5.1 Writing python scripts

# Documentation
from scrapy import cmdline
import datetime
import time
import shutil
import os

recoderDir = r"crawls"  # This is a directory created for the crawler to be able to continue crawling, storing the data needed to continue crawling.
checkFile = "" # Flags whether the crawler is running or not

startTime = ()
print(f"startTime = {startTime}")

i = 0
miniter = 0
while True:
  isRunning = (checkFile)
  if not isRunning:            # The crawler is not executing, start the crawler #
    # Take care of a few things before the crawler starts, clearing out JOBDIR = crawls
    isExsit = (recoderDir) # Check for the existence of the JOBDIR directory crawls
    print(f"mySpider not running, ready to start. isExsit:{isExsit}")
    if isExsit:
      removeRes = (recoderDir) # Delete the crawl directory crawls and all files in it.
      print(f"At time:{()}, delete res:{removeRes}")
    else:
      print(f"At time:{()}, Dir:{recoderDir} is not exsit.")
    (20)
    clawerTime = ()
    waitTime = clawerTime - startTime
    print(f"At time:{clawerTime}, start clawer: mySpider !!!, waitTime:{waitTime}")
    ('scrapy crawl mySpider -s JOBDIR=crawls/storeMyRequest'.split())
    break # Exit the script after the crawler is finished
  else:
    print(f"At time:{()}, mySpider is running, sleep to wait.")
  i += 1
  (600)    # Checked every 10 minutes
  miniter += 10
  if miniter >= 1440:  # Wait for 24 hours and exit the monitoring script automatically
    break

5.2 Preparation of bat batch files

# Documentation
cd /d F:/newClawer20170831/mySpider
call python 
pause

6. Deployment.

6.1. add scheduled tasks.

Refer to this blog below to deploy windows scheduled tasks:

https:///article/

Detailed instructions about the settings related to windows scheduled tasks are as follows:

/zh-cn/library/

6.2.

(1) When adding a scheduled task, check the box as shown below (Runs only when the user is logged in) in order to pop up the following cmd task screen for easy observation and debugging.

这里写图片描述 

这里写图片描述

(2) Since the crawler runs for a long time, if you follow the default settings, running the instance in the early hours of the morning when the previous startup has not yet finished will cause this startup to fail, so change the default settings to (If this task is already running: run the new instance in parallelThe protection mechanism is that each startup script waits for 24 hours and then automatically quits. (The protection mechanism is that each startup script will automatically exit after waiting 24 hours to ensure that it will not be started repeatedly).

这里写图片描述

(3) If you want to support the continuous transmission, you can only press it once.ctrl + c to stop the crawler from running. This is because theWhen terminating the crawler, the crawler needs to do some aftermath workIf you press ctrl + c several times in a row to stop the crawler, the crawler will be too late to make good on its mistake and will fail to renew the crawl. 6.3. effect display.

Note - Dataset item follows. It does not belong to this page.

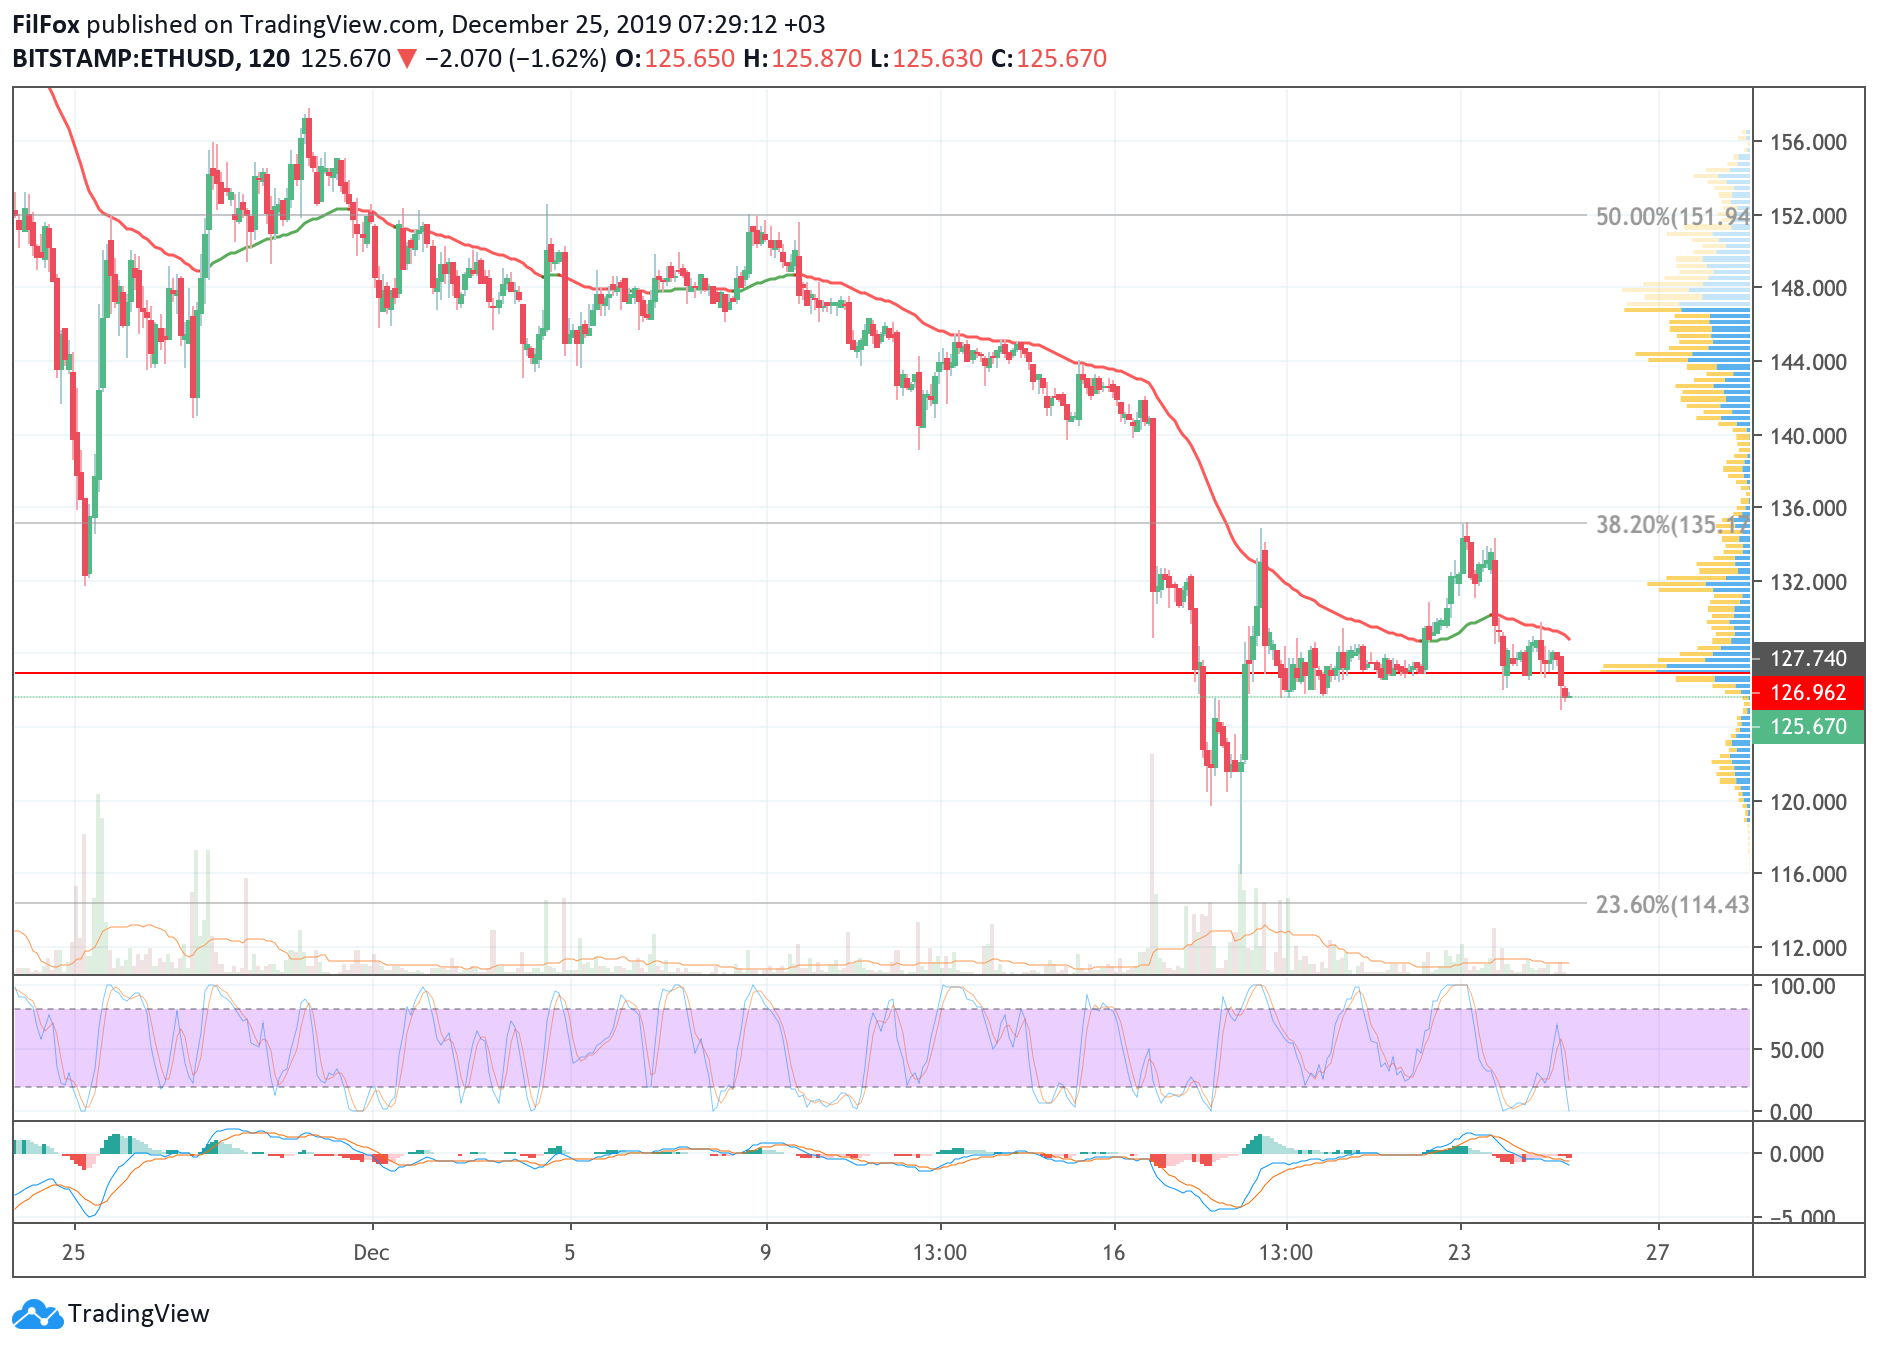 Analysis of cryptocurrency pairs BTC / USD, ETH / USD and XRP / USD as of December 25, 2019

Normal execution is complete:

这里写图片描述

Implementation is in progress:

这里写图片描述

to this article on the python implementation of scrapy crawler daily sample code to grab data on a regular basis is introduced to this article, more related python scrapy timed to grab content please search my previous posts or continue to browse the following related articles I hope you will support me more in the future!